April 16, 2015 Sweden
The Stones of Örelid are an Iron Age burial ground, somewhere in the South of Sweden.
I have never seen them in real life, but lately I keep on returning to this picture of them, taken in 1930 by a photographer called Mårten Sjöbeck. It is a remarkable shot of the stones, which the Swedish Heritage Board goes on to describe as “Standing in a field of rye. In the background an oak tree.“
If that description seems overly dry, I should point out that the image is taken from an online archive—and text mostly outlines the contents.
But as the saying goes, the whole is greater than the sum of its parts—and in this case the parts are almost like puzzle pieces scattered before us: The way the rye sways in the breeze, the image looks like it was taken at the height of summer. The sunlight falling on the scene is so bright that the background appears like a stark white wall.

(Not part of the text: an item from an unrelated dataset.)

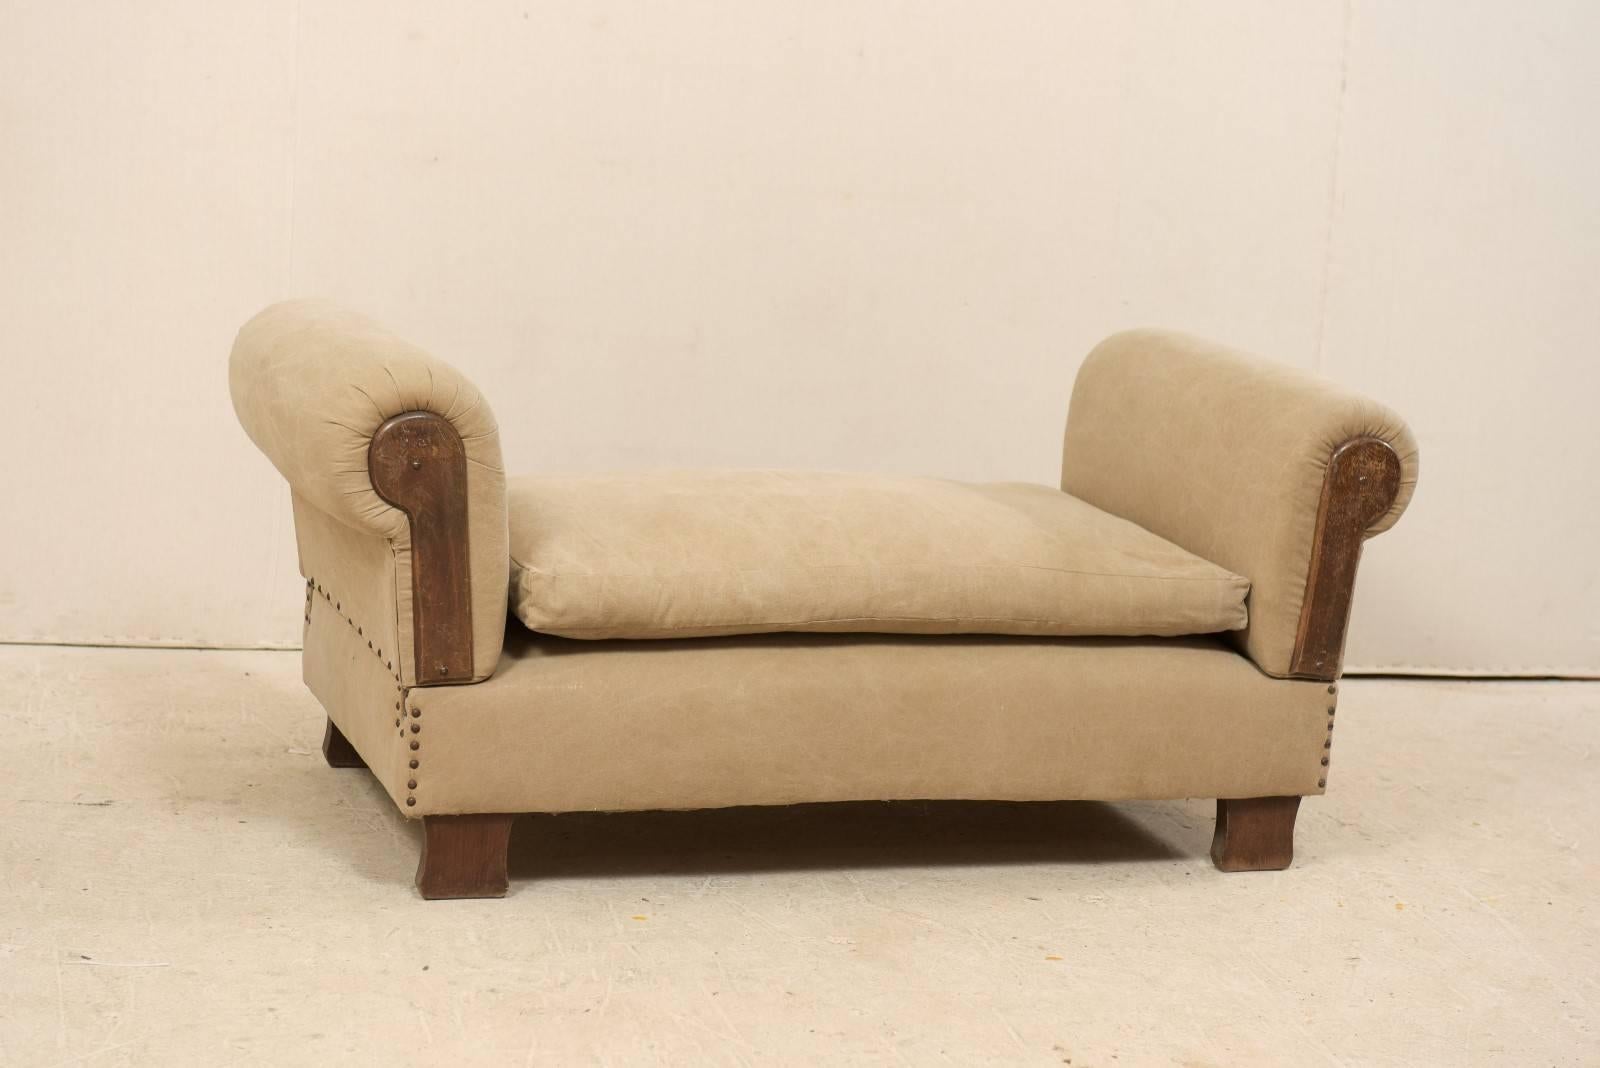 Un lit de jour français des années 1920-1930. Ce canapé français ancien est doté d'accoudoirs en forme de goutte d'eau à chaque extrémité, ce qui permet de le transformer en chaise ou en lit de jour. Les bras présentent des plis arrondis avec des

And then there’s the pathway, complete with overgrown tire tracks leading right up the tree, which towers deliciously askew in the center of the frame. Assemble the puzzle and you can almost hear the crickets chirping.
The image may show a burial site, but in no way does it seem morbid. While the stones are permanent, the are really just makers on the wayside.
Perhaps that is why the image doesn’t convey endings to me, but rather a very tangible sense of possibility: The future is bright, and never was that more accurately encapsulated than in this historic shot from Sweden, which I found browsing through an image archive.